The main purpose of the Y!LDA framework is to allow you to infer the set of constituents that can be used to represent your documents as mixtures of the inferred constituents. This is also called learning a model for you corpus. This takes a significant amount of time.
Once a model has been learnt, you can also use it to find out what topics a new document is made up by using LDA in test mode. In this mode, you provide the learnt model as a parameter and use that model to infer the topic mixture for new documents. This is very fast compared to learning the model. This can be done in two ways:
Batch mode: If you have a bunch of new documents for which you want to infer the topic mixture you use this mode.
Streaming mode: If you have documents which are to be streamed through the binary generating the topic mixture instantly, then this mode is for you.
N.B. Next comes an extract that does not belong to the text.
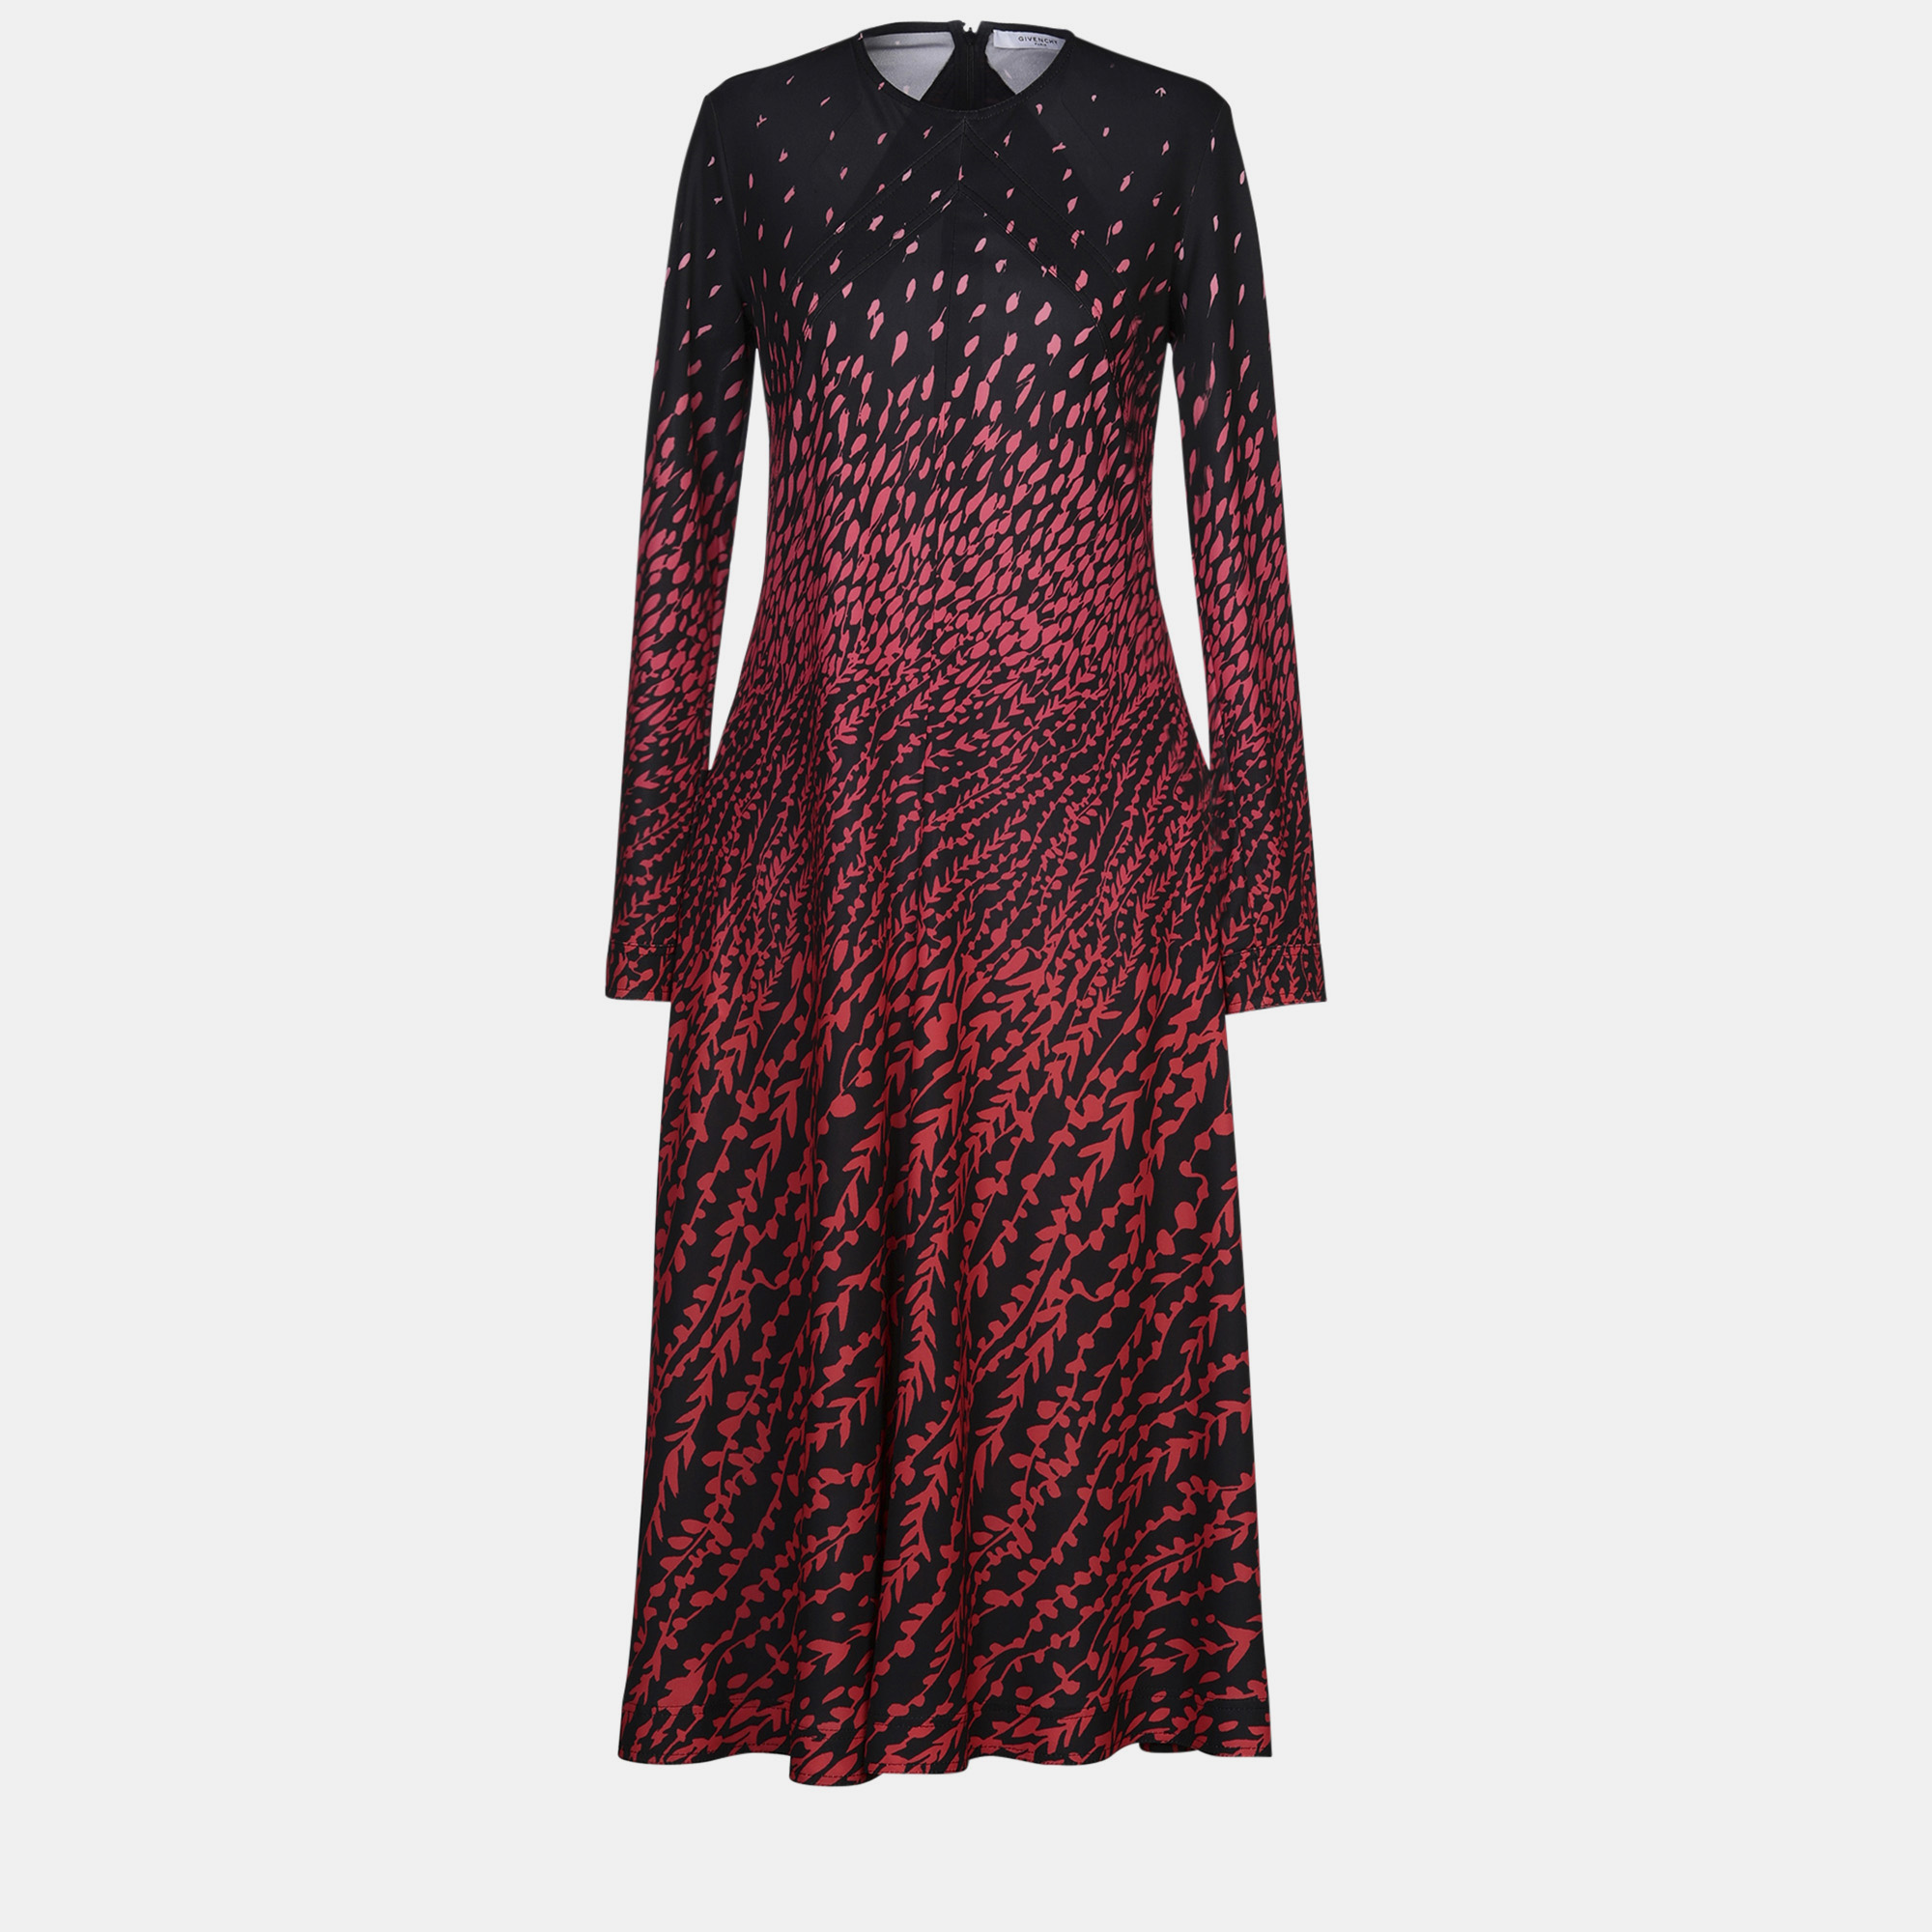 Givenchy red/black printed crepe midi dress m (fr 38)

The main difference between the two modes is that, in batch mode, the model is loaded for every batch of documents whereas in streaming mode, the model is loaded once and you can keep streaming the documents. In batch mode, you wait till all the documents in the batch are assigned topic mixtures whereas in streaming mode the topic mixture is assigned on a per document basis. In streaming mode, only a part of the model is loaded depending on how much memory you allocate for storing the model. However, we ensure that the model for the most important words (words that occurr more frequently) are loaded before loading the model for lesser frequent words till the allocated is memory is used up. The model loading time can be significant if its big. Hence the case for a streaming mode for those of you who do not want to bear the cost of loading a big model every time you want to infer topic mixtures on new documents.
Each of these is described in detail with an illustration below in the next subsection.
The other dimension to consider is the size of the data. If your corpus has a couple of million documents and you are willing to wait for a couple of days then all you need to know is the single machine setup where all the data is on a single machine (usually multi-core) and you run LDA on that machine.
If your corpus is larger than that, you have no choice but to resort to the multi-machine setup. Here you split your data amongst multiple machines (possibly each machine being a multi-core one) and run LDA on all those machines. The Y!LDA framework currently provides a hadoop based distributed LDA mechanism that uses a custom implemented distributed hash table. The framework provides hadoop-streaming scripts that do the entire thing (splitting, training, testing) in a distributed fashion on the hadoop cluster backed by the HDFS as the distributed file system where your data is stored. If you do not have a hadoop cluster at your disposal, we currently do not provide any scripts to run things automatically. You will have to distribute the data manually, copy the binary version, if its a homogenous setup, else install and run the framework on all the nodes containing data and finally execute binaries to merge the distributed parts of the model. We will only detail the steps to achieve them. Perhaps, one can contribute some scripts back so that this can be done automatically!